Akron Irish: Which Witch?
by Lisa O’Rourke
Fall is an aptly named season. Yes, leaves fall to the ground, but more significantly, the season itself descends on us like it just fell from the sky. One minute you are sunbaked, barbequing, loving all those long evenings, and then BOOM. Suddenly, it is cold, dark, raining, with darkness dropping way too quickly, like you are enfolded into damp bat wings. No wonder witches and spells are associated with this time of year, because it all seems to happen with supernatural speed.
The gathering dark meant the end of the year to the ancient Celts, culminating in the celebration of Samhain (sah’win) or Halloween. Somehow the Irish tradition of carving gourds to ward off evil spirits has morphed into the season of Pumpkin spice here.
Another unforeseen consequence of the Halloween season are two costumes that are certain to appear, ghosts and witches. Ghosts make sense; Halloween was the day that the dead could roam the earth only to be terrified by your ancient Celtic neighbors’ pumpkin carving job. Doesn’t seem too likely, but …
We take the presence of witches for granted at this time of year, but they seem to have been stuck into the scary Halloween gumbo at a later date. The Celts did not perceive witches in the varieties that our costumes come in; sexy or monstrous. Early Celtic witches were more spiritual entities for good or bad, often with some type of lamentation connected to them.
Witches as we know them appeared in Ireland earlier than our Salem witch trials, but probably only due to the fact that America was further from England than Ireland was. Witch trials were spread over Europe but seem to have taken hold in England and Scotland and then spread to Ireland.
The supposed witches have one thing in common, they were all non-conformists in some way. On this point, the stereotypes are cemented, for most all of them were women, were unfortunate in appearance, circumstance or both or the other type, the temptress who lured men to some kind of ruin.
A famous Kilkenny witch, Alice Kyteler, was the beautiful daughter of a wealthy Flemish immigrant. She had the unfortunate luck of surviving four husbands, each of whom increased her wealth with their respective deaths. She was arrested and tried in connection to this, but eventually allowed to disappear, certainly minus some of her fortune.
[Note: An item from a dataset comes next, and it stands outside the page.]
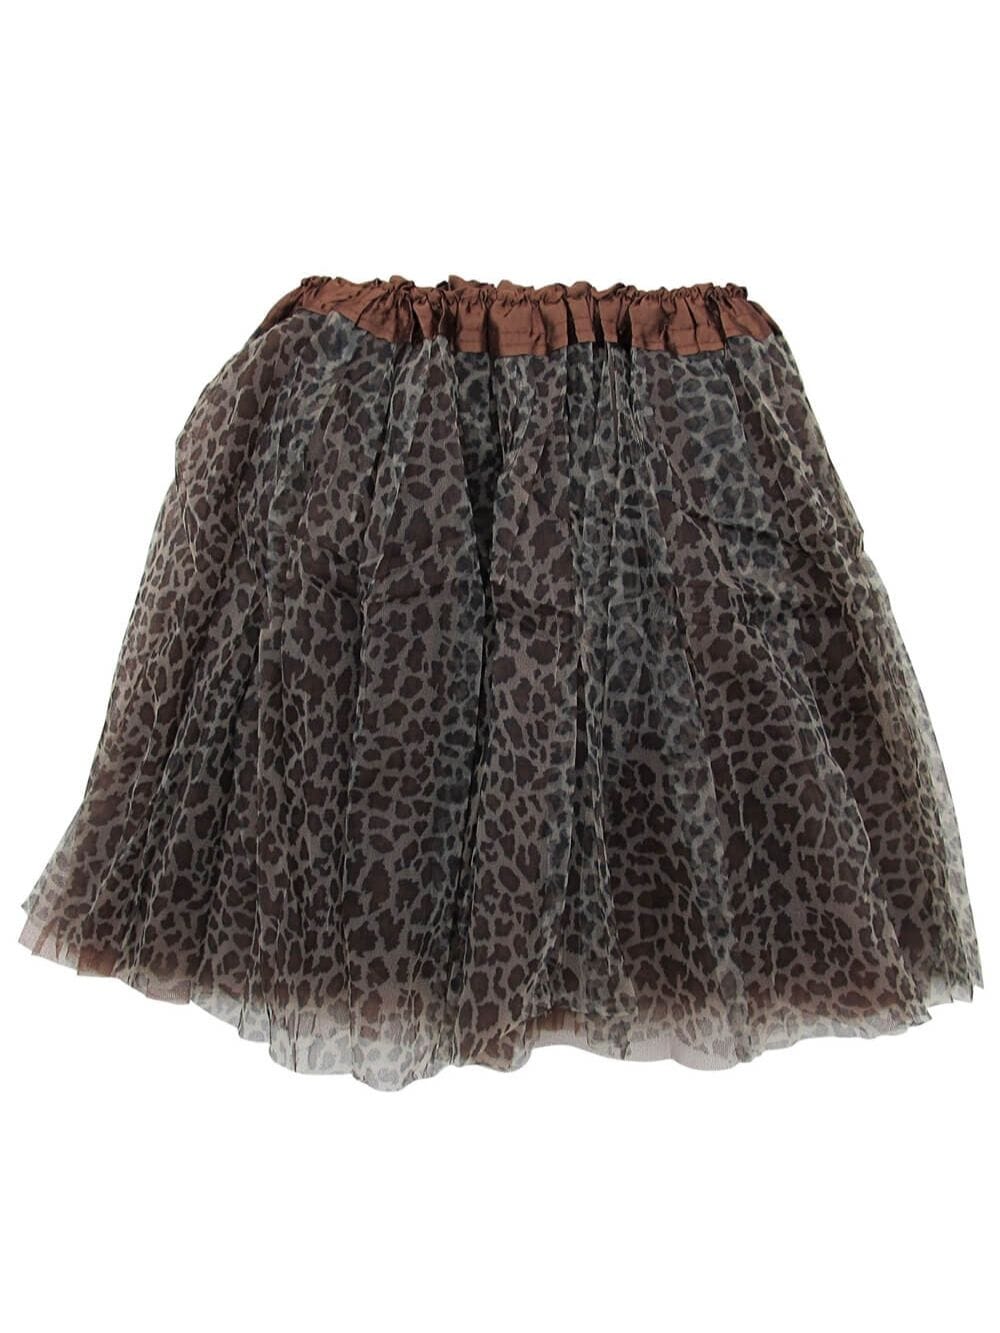 Cheetah Plus Size Adult Tutu Skirt - Women's Plus Size 3- Layer Basic Ballet Costume Dance Tutus - Sydney So Sweet
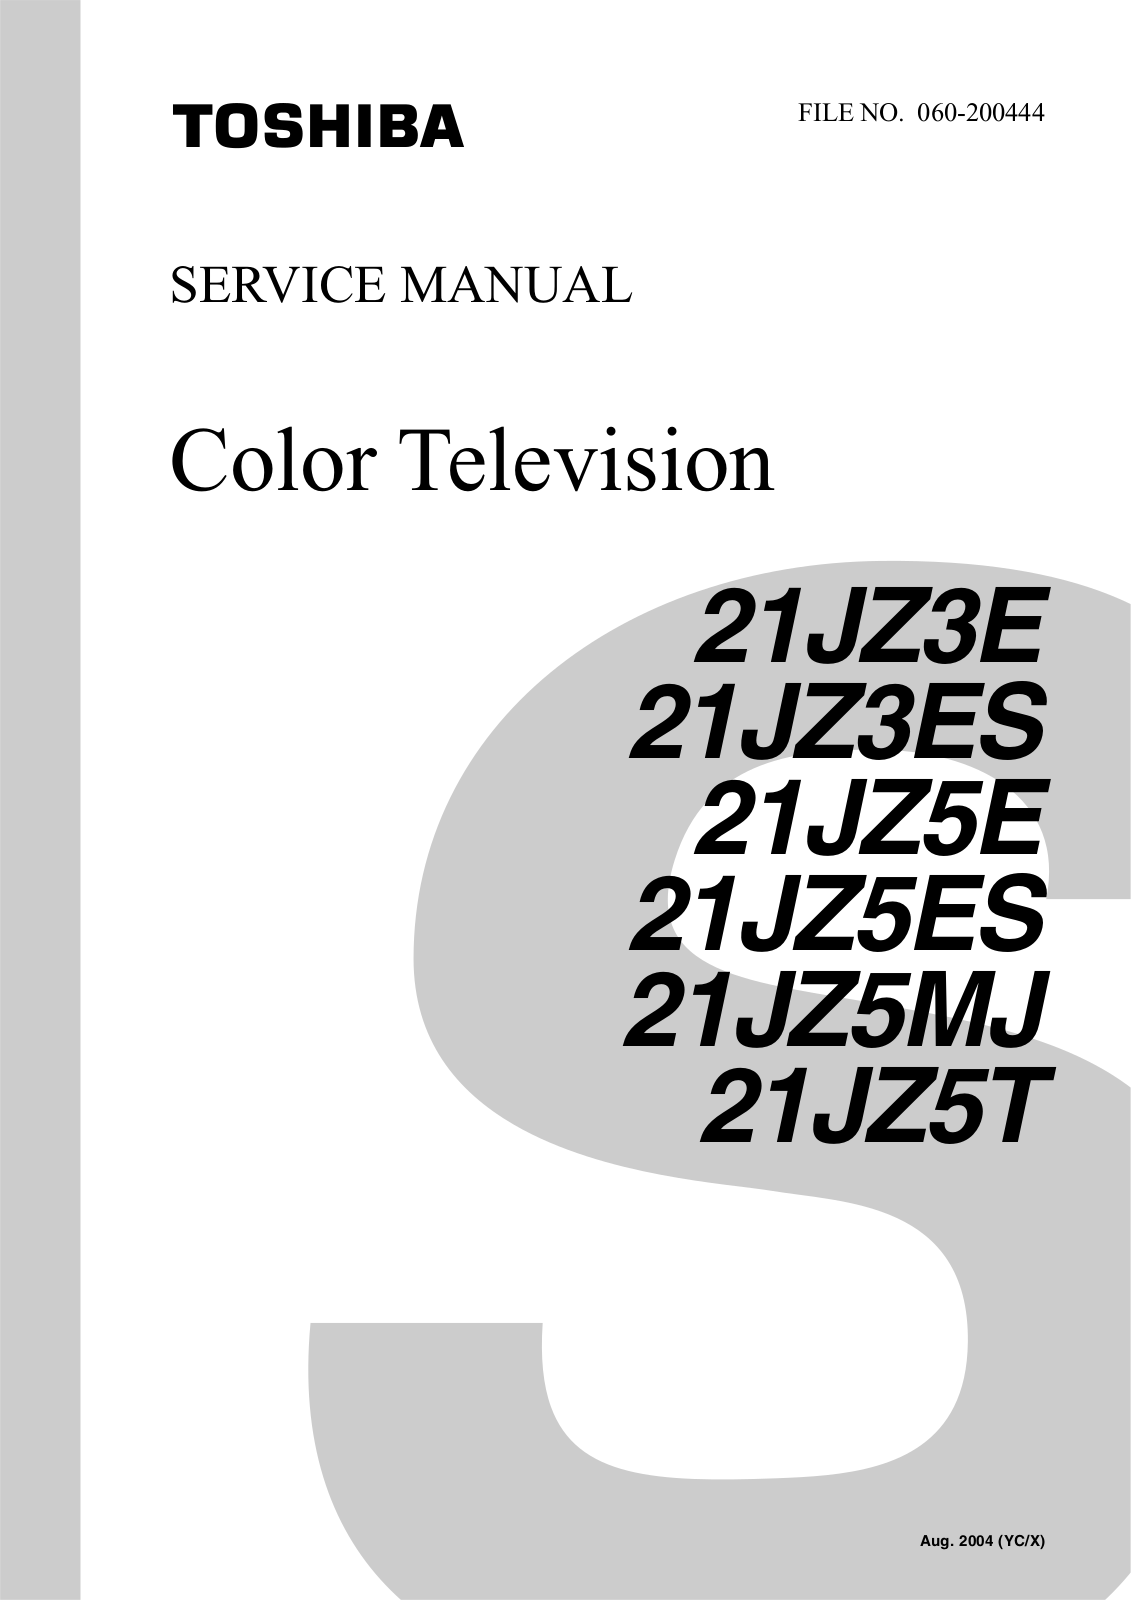 TOSHIBA 21JZ3E, 21JZ3ES, 21JZ5ES, 21JZ5M, 21JZ5E Service Manual

Her maid however, Petronilla de Midia, was the one who confessed and incriminated her mistress.
She admitted to such outlandish things as making spells from rooster intestines and hair plucked from a bottom, which earned her the privilege of being the first person burnt at the stake for heresy in Ireland, on November 3, 1324. We don’t get to hear her side of the story, but Petronilla couldn’t have been much of a witch to end up like that.
The good witch, or wise woman, tradition follows a positive theme but does not really have much of a costume. This type is exemplified by Biddy Early of Ennis, Co. Clare. Biddy was born in 1798 and orphaned at an early age. She also survived four husbands. She differed from Alice in that she was not made wealthier by her husbands’ untimely ends.
Biddy was also distinguished because she had developed a reputation as a healer. Her early life misfortunes would mark her as having that potential in Irish tradition. Biddy and her practice were in frequent conflict with local authorities during her life, but she must have done a great deal of good for people because by the time of her death, she was regarded as a local hero.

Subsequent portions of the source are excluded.